Manufacturing gains momentum in August: survey

RBC PMI indicates a “robust improvement” in operating conditions.

September 2, 2014   by PLANT STAFF

Stronger domestic spending patterns boost  order books.  Photo: Thinkstock

Stronger domestic spending patterns boost order books.
Photo: Thinkstock

TORONTO — Canadian manufacturing has picked up the pace showing the fastest improvement in businesses conditions since November 2013, according to the RBC Canadian Manufacturing Purchasing Managers’ Index.

The RBC PMI, a monthly survey, conducted in association with Markit, a global financial information services company, and the Supply Chain Management Association (SCMA), is an early indicator of trends in the manufacturing sector.

Adjusted for seasonal influences, it registered 54.8 in August, up from 54.3 in July and comfortably above the 50.0 neutral baseline. It’s the highest reading for nine months and RBC says it indicates a “robust improvement” in operating conditions.

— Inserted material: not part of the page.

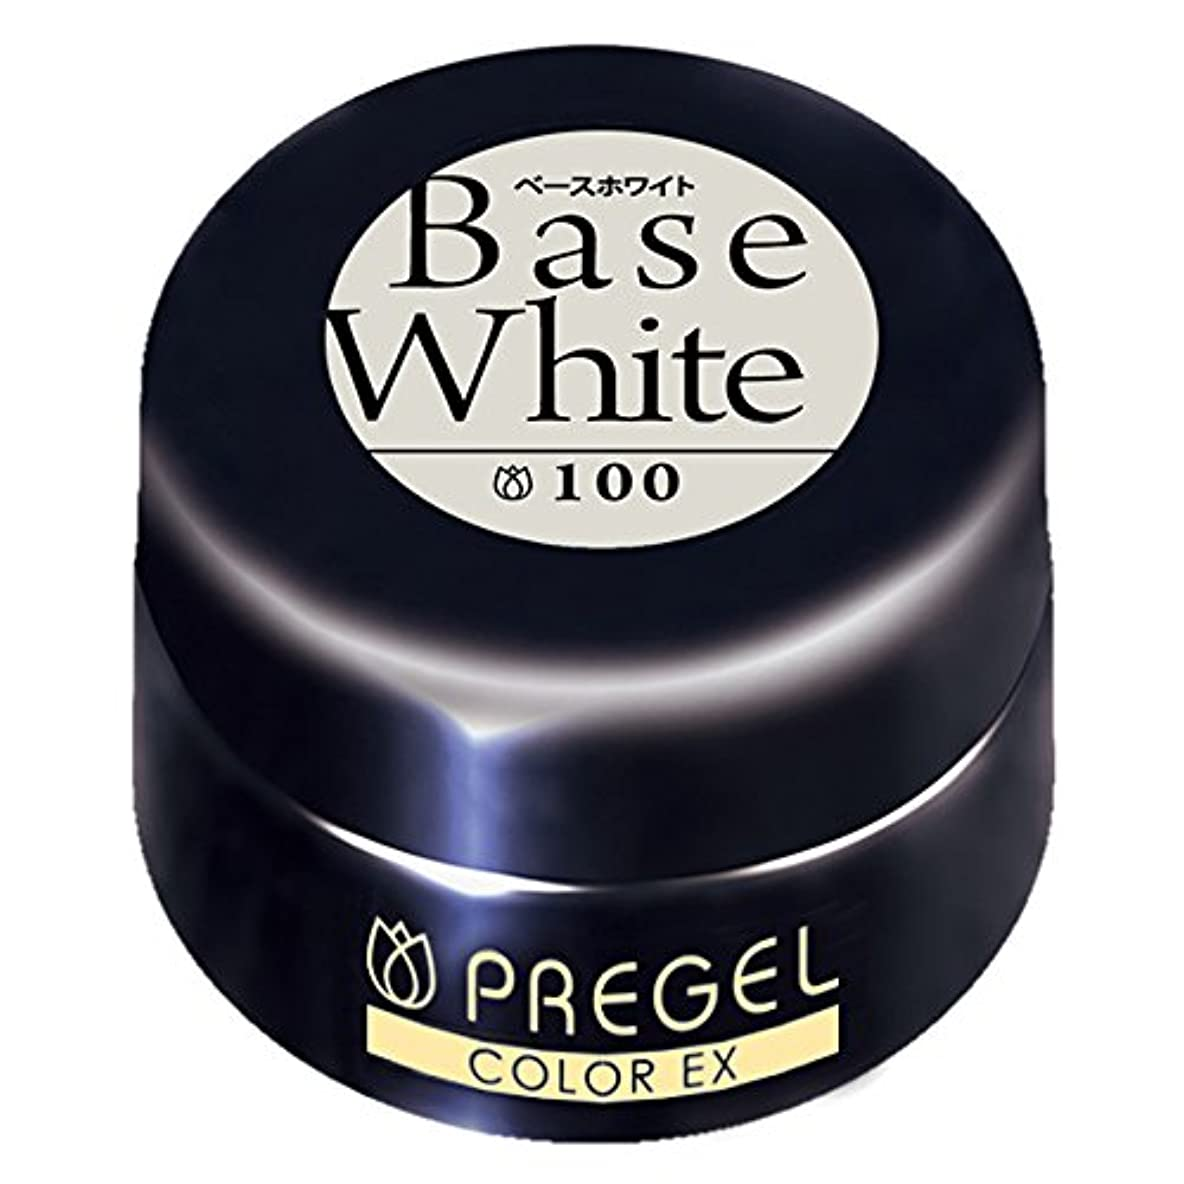 ゆるい最大おもてなしプリジェル ジェルネイル プリジェル ジェルネイル カラーEX ベースホワイト100 4g カラージェル UV/LED対応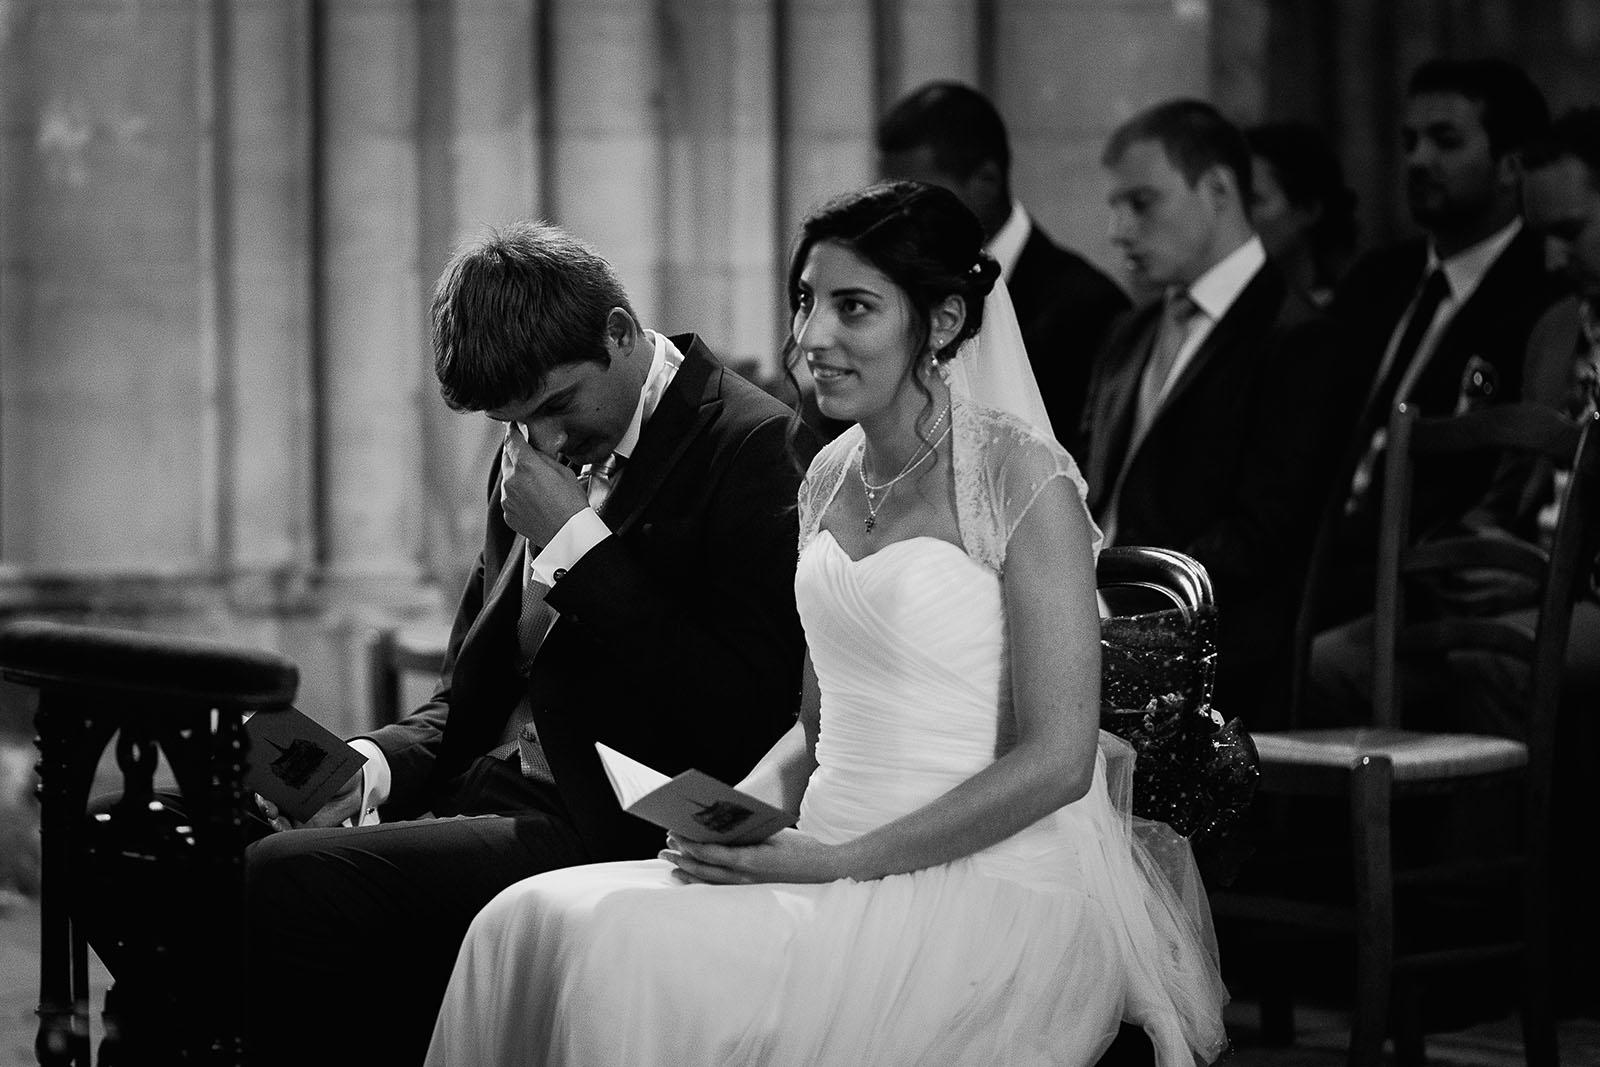 Mariage au Manoir de Corny en Normandie. Cérémonie religieuse le marié pleure

Output and new business growth both accelerated during August, while job creation hit its strongest level for 11 months. And cost pressures subsided to their weakest point so far this year, which RBC says contributed to a further moderation in factory gate price inflation during the latest survey period.


“The momentum in Canada’s manufacturing sector is clearly being sustained with the index registering the ninth consecutive month of improvement,” said Craig Wright, RBC’s senior vice-president and chief economist. “We expect Canadian manufacturers will continue to directly benefit from the strengthening US economy, which has made and will continue to make positive strides.”

Key findings include the following:

• Anecdotal evidence cited stronger domestic spending patterns with a boost to order books from higher export sales. August data pointed to the most marked increase in new work from abroad since March, with a number of manufacturers attributing the rise to greater spending by clients in the US.

• A sustained improvement in new business inflows continued to encourage job creation across the manufacturing sector. Employment numbers rose for the seventh month in a row, and at the strongest rate since September 2013. In turn, increased staffing levels helped slow the pace of backlog accumulation at manufacturing companies in August.

• Greater production schedules resulted in a robust expansion of input buying. Pre-production stocks were accumulated for the first time in four months, while finished goods inventories were depleted at a marginal pace. Strong demand for raw materials contributed to a further lengthening of suppliers’ delivery times during the month.

• Average input prices increasing at the slowest pace since December 2013. Reduced cost pressures in turn contributed to the weakest rise in factory gate charges for nine months.

• Alberta and BC recorded the sharpest improvement in business conditions.

• Manufacturing employment numbers continued to increase in all four regions

• New export order gains were strongest in Alberta and BC, followed by Ontario.
Input cost inflation eased in all four regions during August

The report is based on data compiled from monthly replies to questionnaires sent to purchasing executives from more than 400 industrial companies.